In 2000, we took over Hope Farm – an arable farm in Cambridgeshire, to demonstrate, research and encourage wildlife-friendly farming. We’re showing how it’s possible to run a successful farming business, that produces food, makes a profit, and is valuable for wildlife as well.  

Breeding farmland birds like the Linnet, Reed Bunting and Skylark have at least tripled in number. Lapwings, grey partridges, corn buntings, and yellow wagtails have all returned as breeding species.

A lone Skylark perched on a mound covered in brown grass,

Birds are not only flourishing in the breeding season – in winter, the number of birds using the farm has also increased. Regular visitors include Fieldfares and Redwings, large flocks of Reed Buntings and Yellowhammers, as well as our resident Barn Owls hunting at dusk over the stubble fields.  

Improving the habitat for birds also benefits other species. In many cases, helping one species means helping another. For example, butterflies thrive along the wildflower margins and on the rest of the farm, showing the impact that nature-friendly farming is having on wider pollinator species.   

Read the Hope Farm Annual Report

What can I do?

We know that the public want to make more environmentally conscious choices, with 67% of the UK public being concerned with the decline in the variety of UK wildlife and 60% saying eco-labels would influence their choices.  

There is great public support for nature-friendly farming, as recognised by the People’s Assembly for Nature, which ranked the call “to prioritise sustainable and nature-friendly farming” as one of the most urgent calls to action for Governments. 
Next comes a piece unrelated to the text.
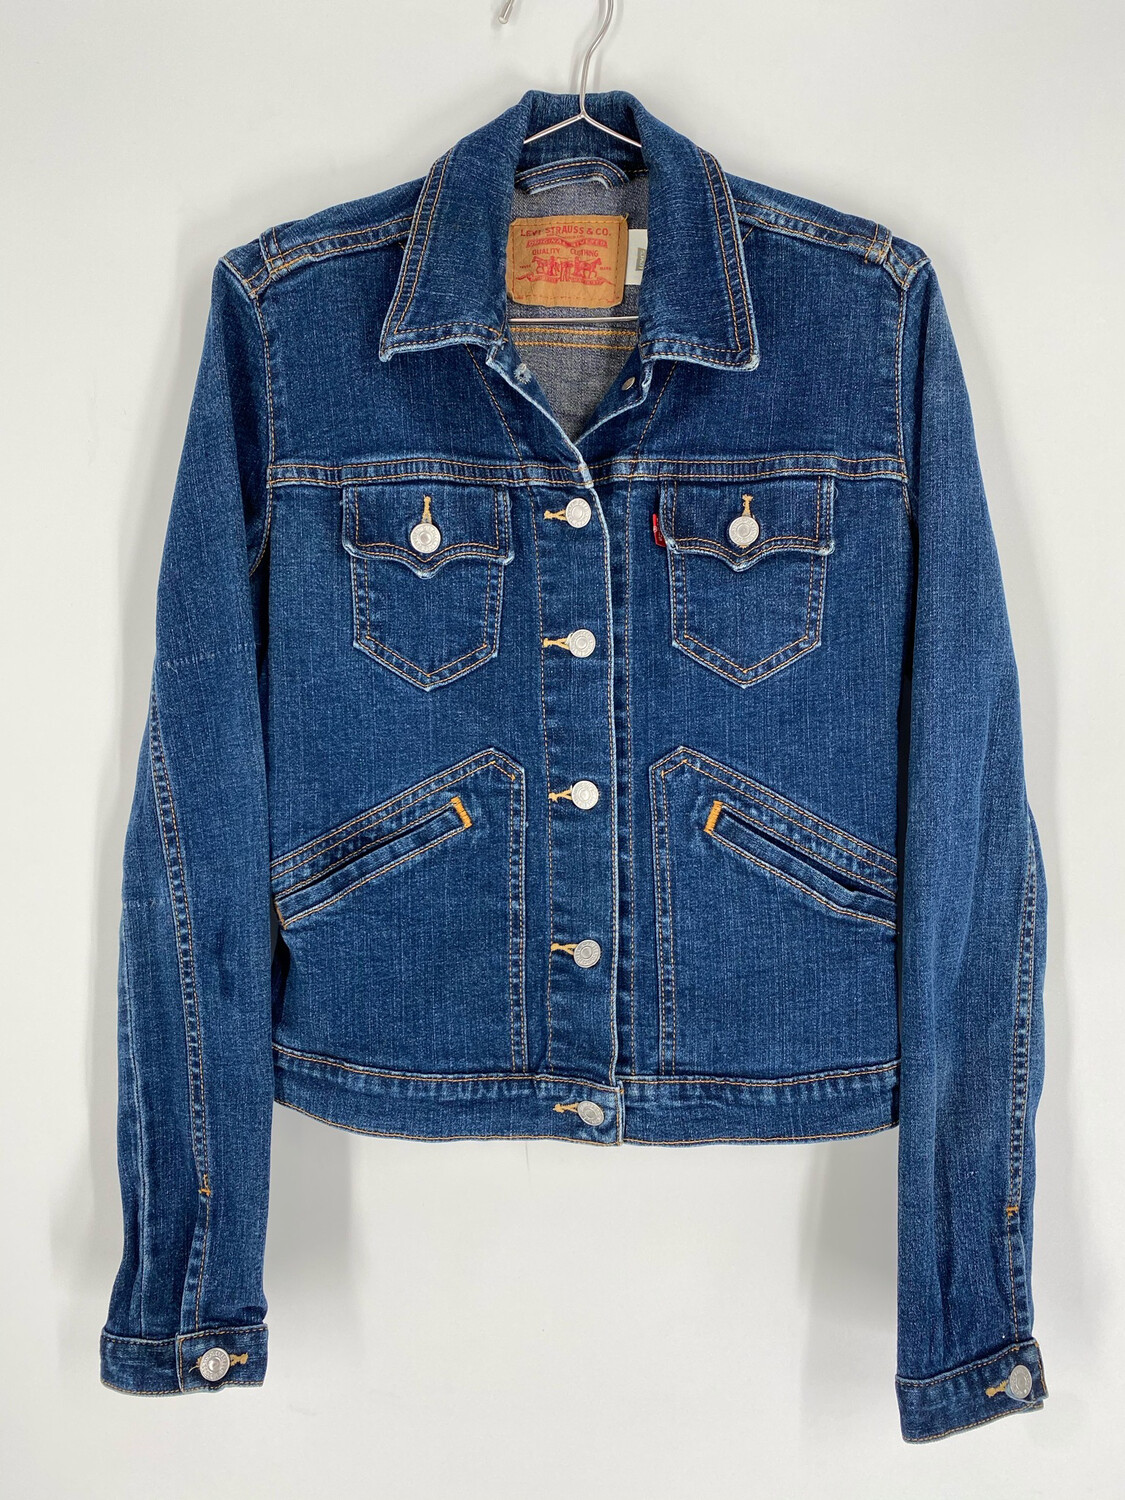 Levi’s Fitted Vintage Denim Jacket Size S

What we buy can and does influence how our countryside and the seas are managed. Growing demand for more sustainable products has led to a rapid increase in brands which claim higher environmental standards. Certification schemes such as Fair to Nature show that food has been produced in a more nature-friendly way. Together we can demand change to ensure that nature-friendly food choices are accessible and affordable for all.

Supporting farmers, crofters and land managers

Through our partnership Farm Wildlife, we offer management advice for farmers, crofters and land managers looking to make their systems and practices as nature-friendly as possible.  

We also support the Nature Friendly Farming Network (NFFN) as a partner organisation. NFFN is led by farmers around the UK who believe in the power of sustainable farming and are pushing for policy changes that support nature-friendly methods. They also provide practical management advice for farming that puts nature and climate first.